Has anyone else had this issue? I did not at all last year (first year I had it).

Would using sand instead of water help with the mold problem?

Should I leave the vents open and not use the cover to help it to air out more?

Any info or experiences would be greatly appreciated.

Thanks.


----------



## falconnorthfl (Dec 28, 2016)

Although you wrote this back in May (and may have already solved the problem) thought I'd mention I've not ever had that problem, and we're here in the humid Southeast.  I don't cover my WSM - just store it with the lid on our covered patio with all vents closed. I use a small pan covered with aluminum foil to catch drippings of whatever I'm cooking (I never use water) and always let the coals burn down with all of the vents wide open at the end of every smoke.  Next day I just throw out the foil and dump the coal ashes and its ready to go for next time. Have you tried without water a few times to see if it makes a difference?


----------



## magnum (Feb 4, 2018)

Hi. I had that problem ONCE while living in SC. Boy it was furry when it did happen. It was because I closed my top vent. I never cover it because it is typically stored inside but I always leave the top vent open. Never had an issue since.


----------



## daveomak (Feb 4, 2018)

Vents open and no cover...   I learned that...
I also heat the smoker, after the smoke, to full heat to burn stuff off...


----------



## raleighsmoker (Jun 28, 2018)

Am smoking four Boston Butts today, but yesterday had to wash the mold off everything except the grates (keep them inside).  I don't have a place to store the WSM, so I have the cover over it on my deck.  There is no way for it to get air, so if I don't use it fairly regularly, it is going to mold.  I don't know of anything I can do to stop it. 
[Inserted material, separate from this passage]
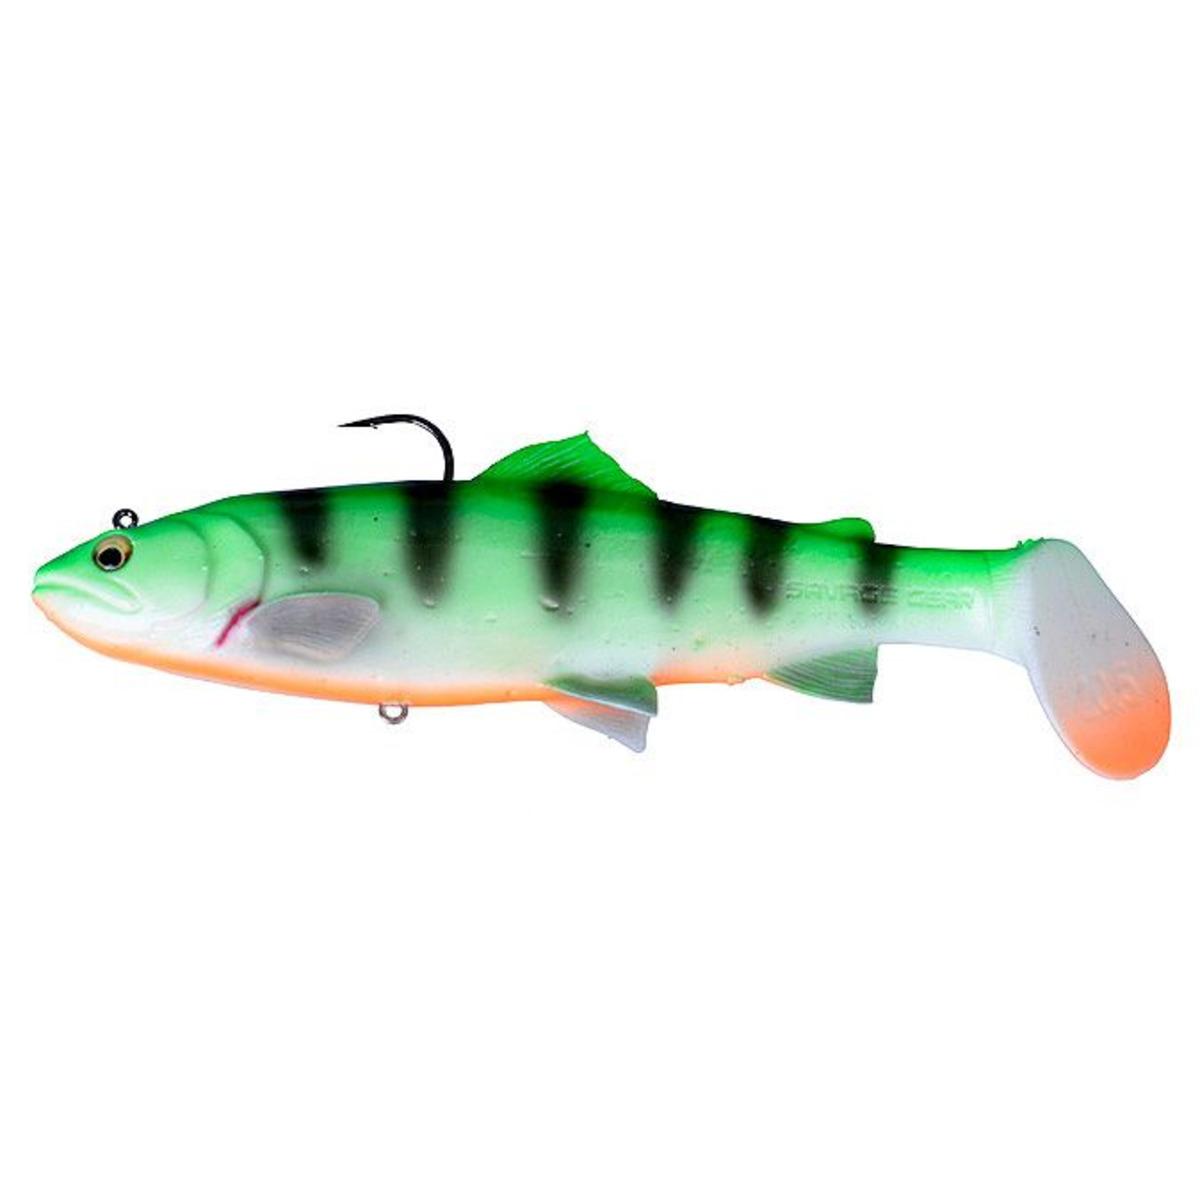 Savage Gear 3D Trout Rattle Shad - 27.5 cm - 275 g - Firetiger

On my gas grill, I can run the temperature up to 550 and burn everything off.  After I take the meat off today, I can add some more charcoal and see if I can get the temp up high enough to burn off some of the residue.  It doesn't take long to wash, so I don't mind getting out the bucket and hose.


----------



## magnum (Jun 28, 2018)

Try leaving too vent open. That is what caused my problem. I might try a standoff under the cover to let some air circulate but I don't use a cover.
M


----------



## smokinbill1638 (Jun 28, 2018)

I have the same problem every time I go to use mine.  I have found that the day after, I can move it to my basement apartment where I have a dehumidifier and no mold.  If I leave it in place, I have mold every time.  Not using water, removing the foil covered pan when cooled down, I pull the grates and clean and store inside, metal covered roof, I think the sun comes up and causes condensation on the inside of the unit every morning.


----------



## mr500 (Jun 28, 2018)

Man and I thought I was the only one LOL. I scrub off the little that I get around the outside of the top grate then burn the rest of it off. Its been 4.5 yrs and I have yet to get sick. Knock on wood.

Its outside under the Weber cover. Might try doing some things as mentioned.

Also this cover is one of the  best ones I have seen. Out in the weather and  not 1 single bad place in it. The Weber logo is fading but the cover is as good as new damn near. Gotta love da Webers lol


----------



## raleighsmoker (Jun 29, 2018)

With the mold scrubbed off, I was able to successfully smoke four Boston butts on my WSM 18 yesterday.  It took 13 hours and the meat turned out perfect.  I used to wrap, but no longer do it.  I love that good bark from the longer cook.

I think the mold is actually growing on the creosote buildup inside the smoker.  I keep my racks inside, so they never have mold.  I may do the same with my water bowl as well.  Because the Weber cover is so tight-fitting and waterproof, not sure there is a way to keep the mold from growing on the inside of the canister.  Well--there is actually one way, just use it more often. :)


----------